Federal Bureau of Investigation
Washington, DC
 

 Assistant Director Walter Skinner was ambivalent.  He found he
could not really identify the emotions he was feeling at the moment.

 So the black lunged son of a bitch was dead.

 *They* had made sure he had found out.  Of course, there would be
no obituary.  Certainly, there would be no funeral.  Only a handful of
people knew that three men had engaged in a shootout over three plastic
objects which contained damning information in the space of a thin film
of electromagnetic material.

 Was he happy?  Was he antsy because he felt an overwhelming urge
to dance?

 Was he scared for his life?  Was his life unimportant now?  Was
he antsy because his flee reflex was in full effect?

 Was he angry?  Angry because the son of a bitch was killed and
not brought to justice?  Was he angry because Walter Skinner couldn't
serve and protect and hold the shadows accountable for their actions,
like he'd like to think he could?  Was he antsy because he had wanted to
do nothing more than beat the crap out of that man every time he lit up?

 "Sir, Agent Scully's on line two."

 Kim's tone was more high pitched than it usually was.  She was
thinking the same thing he was.

 He had been to the hospital.  He had seen her.  She was in no
shape to be at a telephone.  Unless... Walter hastily dismissed the
thought.

 "Skinner."

 "Sir?  It's Agent Mulder..."

 Skinner could not believe he was hearing this woman.  Other
than the sniffles and the teary voice, the female agent sounded fine.
"Agent Scully, aren't you... shouldn't you..."  Walter couldn't
remember the last time he was at a loss for words.

 "I'm fine, sir.  There was a complete remission, and... Sir, I'm
calling about Agent Mulder."

 If it wasn't one, it was the other.

 "And that is?"

 "He... he's suffering from... I don't know."  The voice echoed
utter helplessness.  He winced, reminded of a similar feeling that
night at the hospital with the caller's mother.  "I think *they* know
what he is suffering from."  The voice came out slower, more
controlled, the professional Scully temporarily overshadowing the
emotional Scully.  "I know you've done it before, and if you could,
I was wondering if you could find out through unofficial channels...
sir.  Please... it looks really bad."

 "Scully."  He took a deep breath.  A complete remission.  She
should be happy for Christ sakes, and now it had been reduced to a
passing remark.

 Shit, he hated his job -- the official and now-up-in-the-
air-*unofficial* one.  "Scully, the Cigarette Smoking Man is dead.
He was involved in a shootout with Alex Krycek, who is also dead."
Skinner could swear he heard the female federal agent's face
falling, her body sagging.  "I... I really don't know what's happening
now.  I'm sorry."

 "Oh my God."

 "Agent Scully..."

 "I have to go, sir."

 "Agent Scully, wait..."

 "Thanks for everything, sir."

 The dial tone assaulted his ear.

 Mulder in the hospital.  Scully is fine.

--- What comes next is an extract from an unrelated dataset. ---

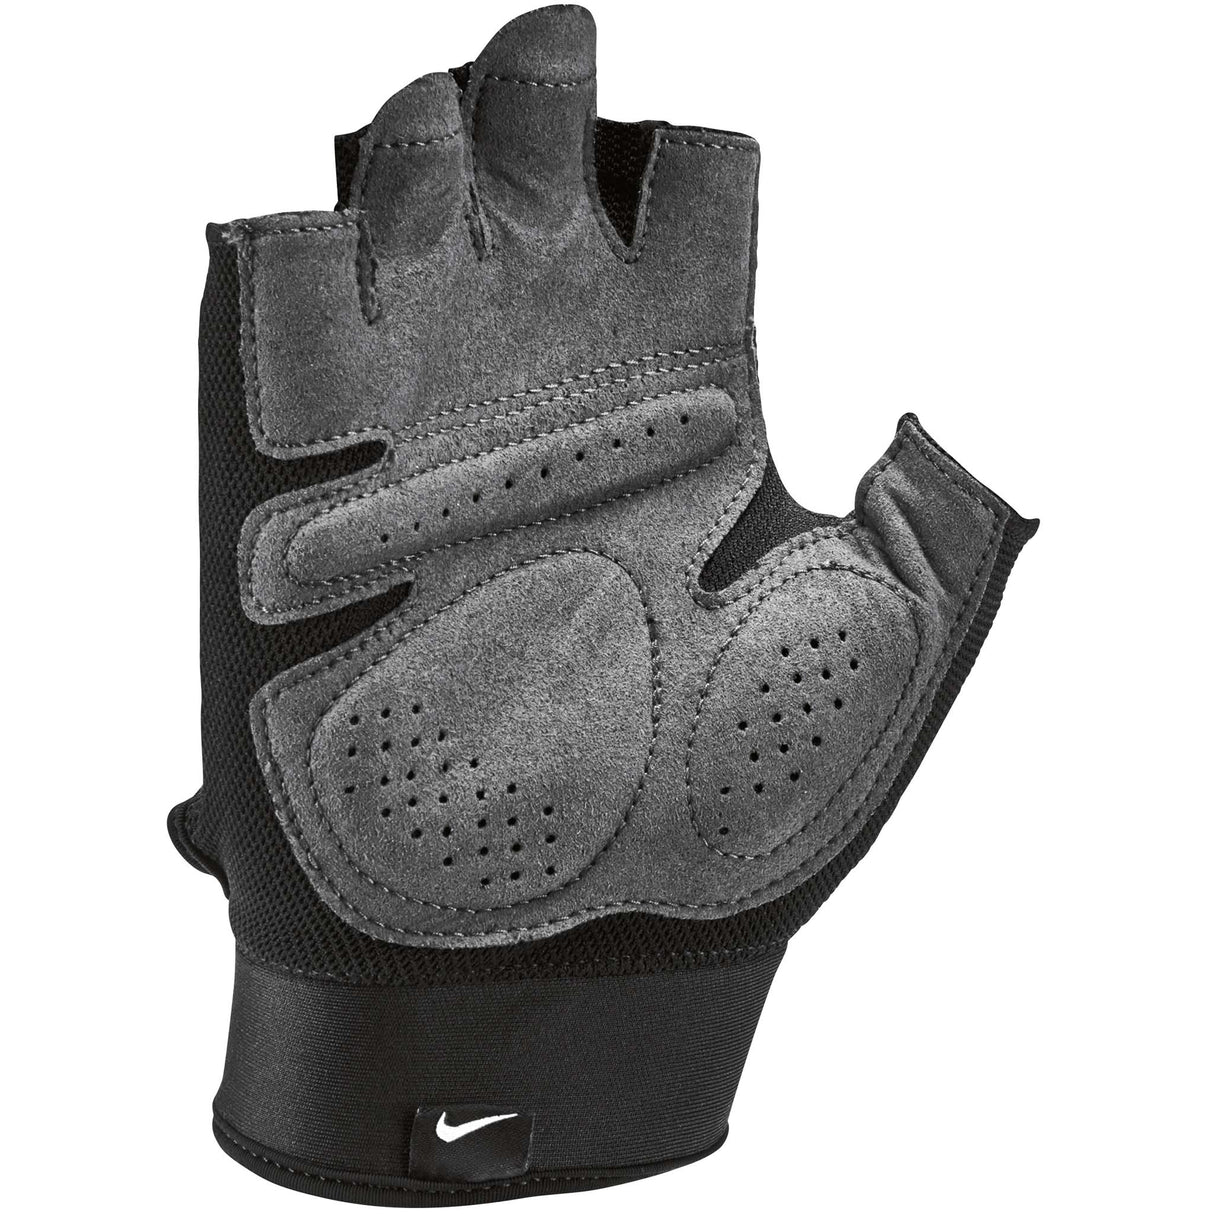 Nike Extreme Fitness Gloves gants d'entraînement et musculation homme paume

 Even though the Cancerman was dead, he still ended up winning.

 They played God everyday -- manipulated people's lives, were
puppeteers in every sense of the word.  They had vast knowledge of
chemicals and bio toxins that even the greatest chemists had no idea
existed.  That had been the perpetuators of the greatest cover ups and
lies ever imagined.

 And no one knew they even existed.

 He got up suddenly from his office chair.  On his way out, he
passed his secretary.  "Kim, I'm taking the rest of the day off.  I'll
be at the Holy Cross if something comes up."
 

***

Holy Cross Memorial Hospital
Washington, DC

 "Sir, this is a surprise."

 Skinner could swear he was looking at a ghost.  But she was alive,
looking a bit haggard, but here, alive, none the less.

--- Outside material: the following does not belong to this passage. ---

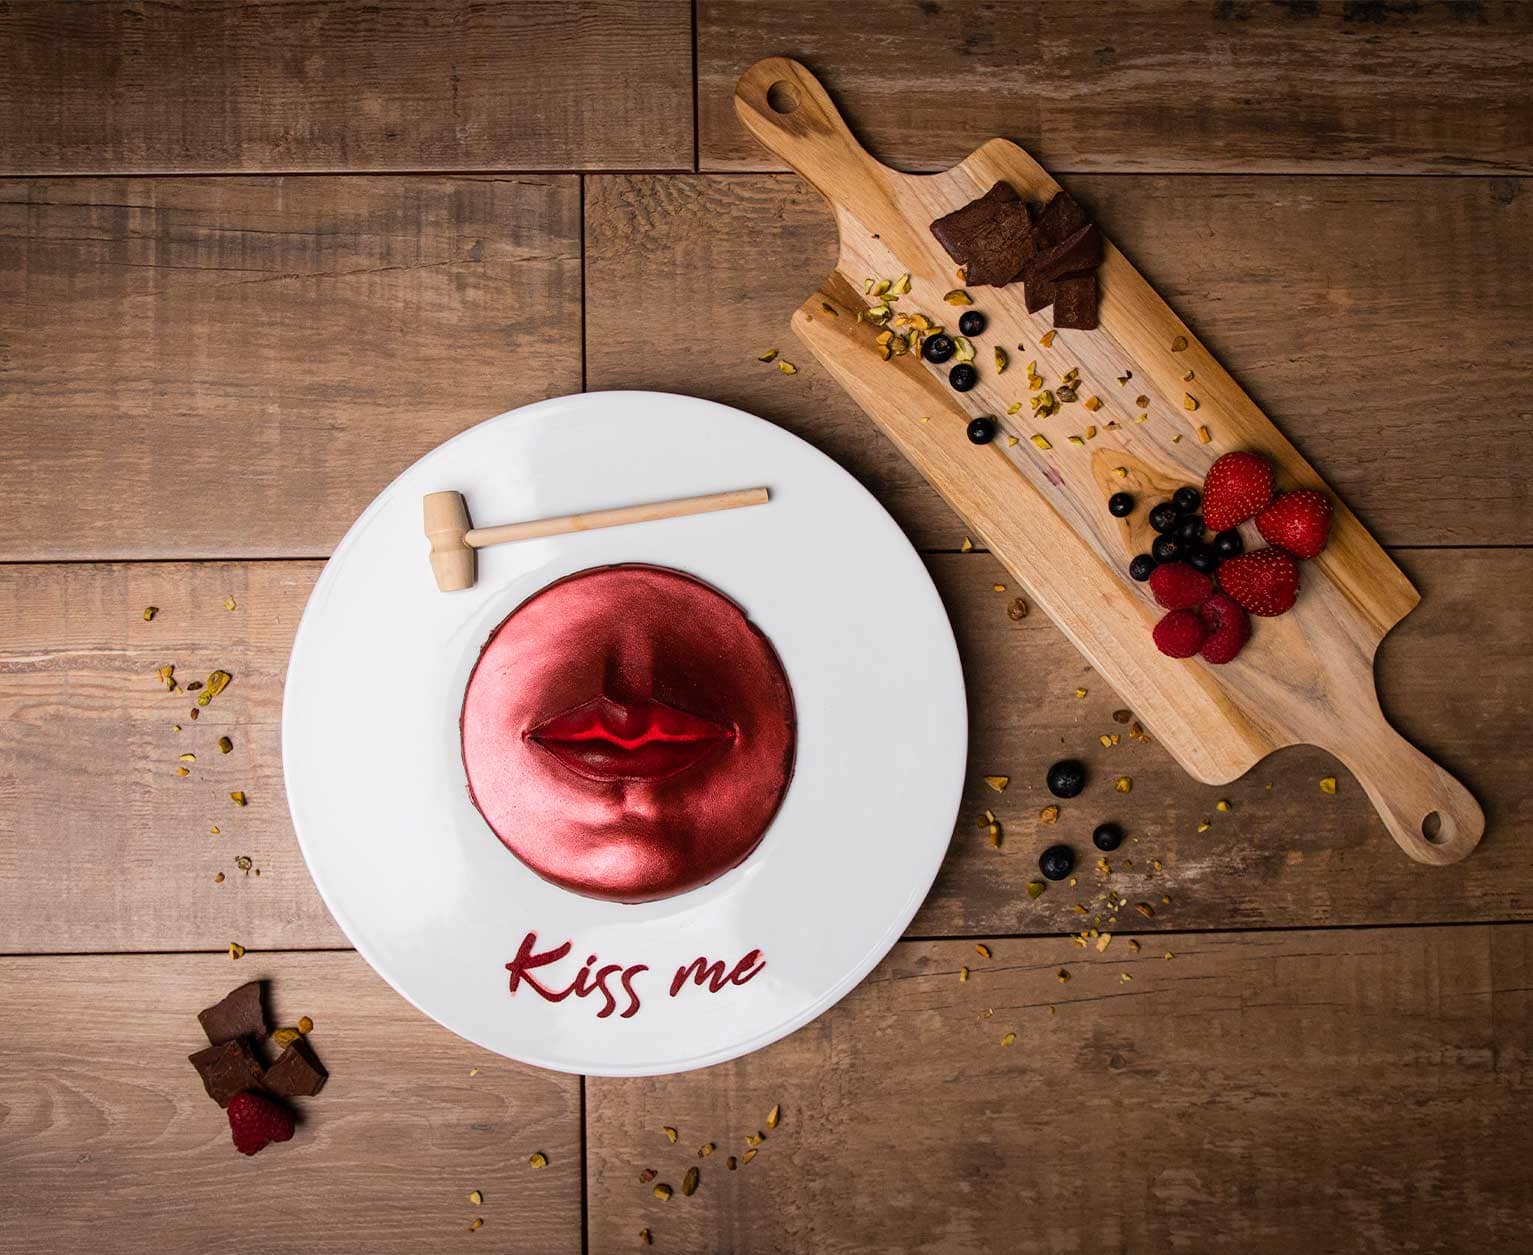 kiss me nicoletta italian kitchen

 He looked at the still figure in the bed.  He looked... fine.
"Agent Scully, what's his condition?"

 "He... I... They don't know.  All the tests come back normal.
But when he's awake, he's in so much pain.  He's on so much morphine,
and I don't know how I can help him... and... is he really dead?"

 "Yes."

 "Krycek too?"

 "Yes."

 Scully rubbed her eyes -- partly in frustration, and partly to
remove the heaviness that lack of sleep was causing.  She rubbed harder,
and then stopped when the flares got too bright.  "Mulder mentioned
something when he was semi lucid.  He said something about the disks we
had, and that Krycek and Cancerman was dead.  He also mentioned something
about his father, but I don't know if that was related.  He also
mentioned my cancer.  I think... I *know* he dealt."

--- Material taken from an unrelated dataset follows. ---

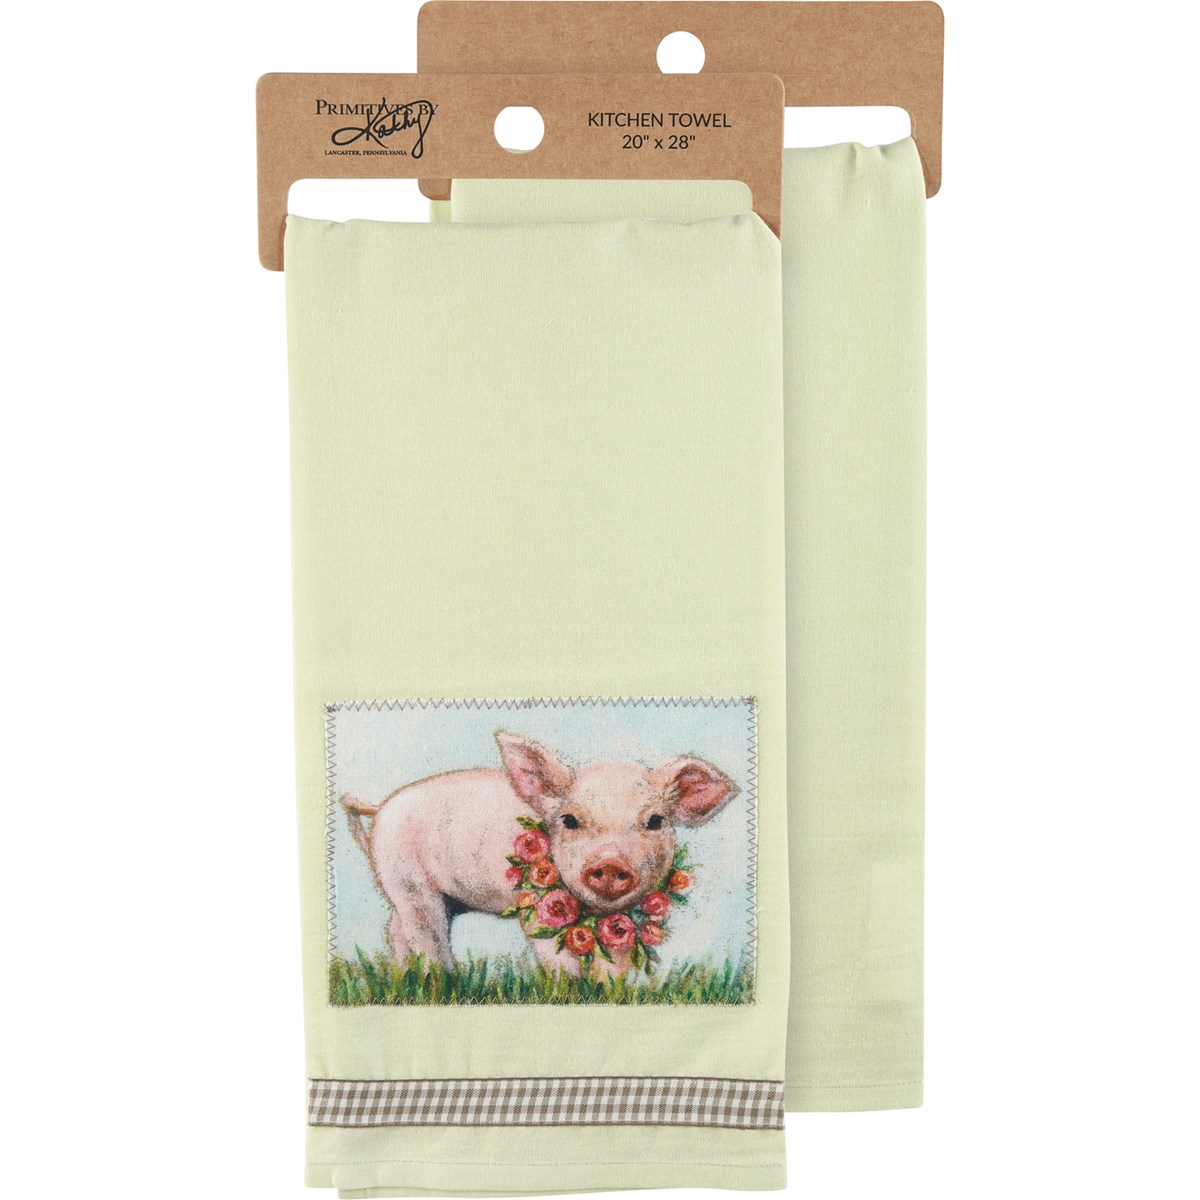 Floral Piglet Kitchen Towel - Cotton, Ribbon

 The son of a bitch.  Skinner was instantly angry at the prone
figure lying in the bed.  He had expressively told Mulder not to deal,
and the federal agent hadn't even listened.  The federal agent had... hell,
Scully would have probably done the same thing if the roles were
reversed.

 Hell, Walter Skinner didn't even take Walter Skinner's own advice.

 It was not supposed to happen like this.  Weren't you supposed to
go out with a bang, not a whimper?  He looked back at the prone figure
just in time to see a fist clenching.

 "Scully..."

 By now, Mulder was convulsing was into full seizures.  He heard
Scully calling for a nurse and she joined his side.  The spasms were
violent and he heard Scully gasp.  "Oh my God... He was right."

 "What!"

 Scully was sobbing.  She could not imagine Mulder turning into
those children.  "The orphanage... The worms..."

 The doctors were now flooding into the room, a mass of
green scrubs armed with syringes and vials.  Strong arms were hastily
reaching out and failing to restrain the figure on the bed, to quiet
the bed springs that were squeaking in protest.  A rough, hairy hand
emerged from the fray and was now roughly attempting to disentangle
the IV line the patient had dislodged.  The arm had managed to tie a
tourniquet, when the seizures suddenly stopped.

 Scully cried -- openly sobbed, not caring who saw her loss of
control -- cried for the loss of her friend and partner.  Inwardly
scolded him for being so stupid.  Inwardly damned him because he had
kept this secret for so long.  Inwardly cursed God for being so cruel.

 She would not look at his eyes.  The unfocused look he would have
would not be due to morphine or drugs, but from something more
unimaginable and horrible.

 "My head hurts..."
 
 There was the initial shock of hearing his voice, and then there
was the realization that the voice had a body to match. The realization
that he was alive came milliseconds later.

 "What!"  Yelling and laughing at the same time, Scully felt her heart
would burst when she saw him wince, when she saw his hands stay by his
sides and not move to cover his ears.

 He didn't answer.

 Her laughing quelled.

 The silence was unbearable until he broke it.  "You're alive."

 It was the third time he had stated the phrase in as many days, but
finally he was well enough to receive a response.  "Yes, I'm fine."

 He nodded his head in satisfaction.  "Good."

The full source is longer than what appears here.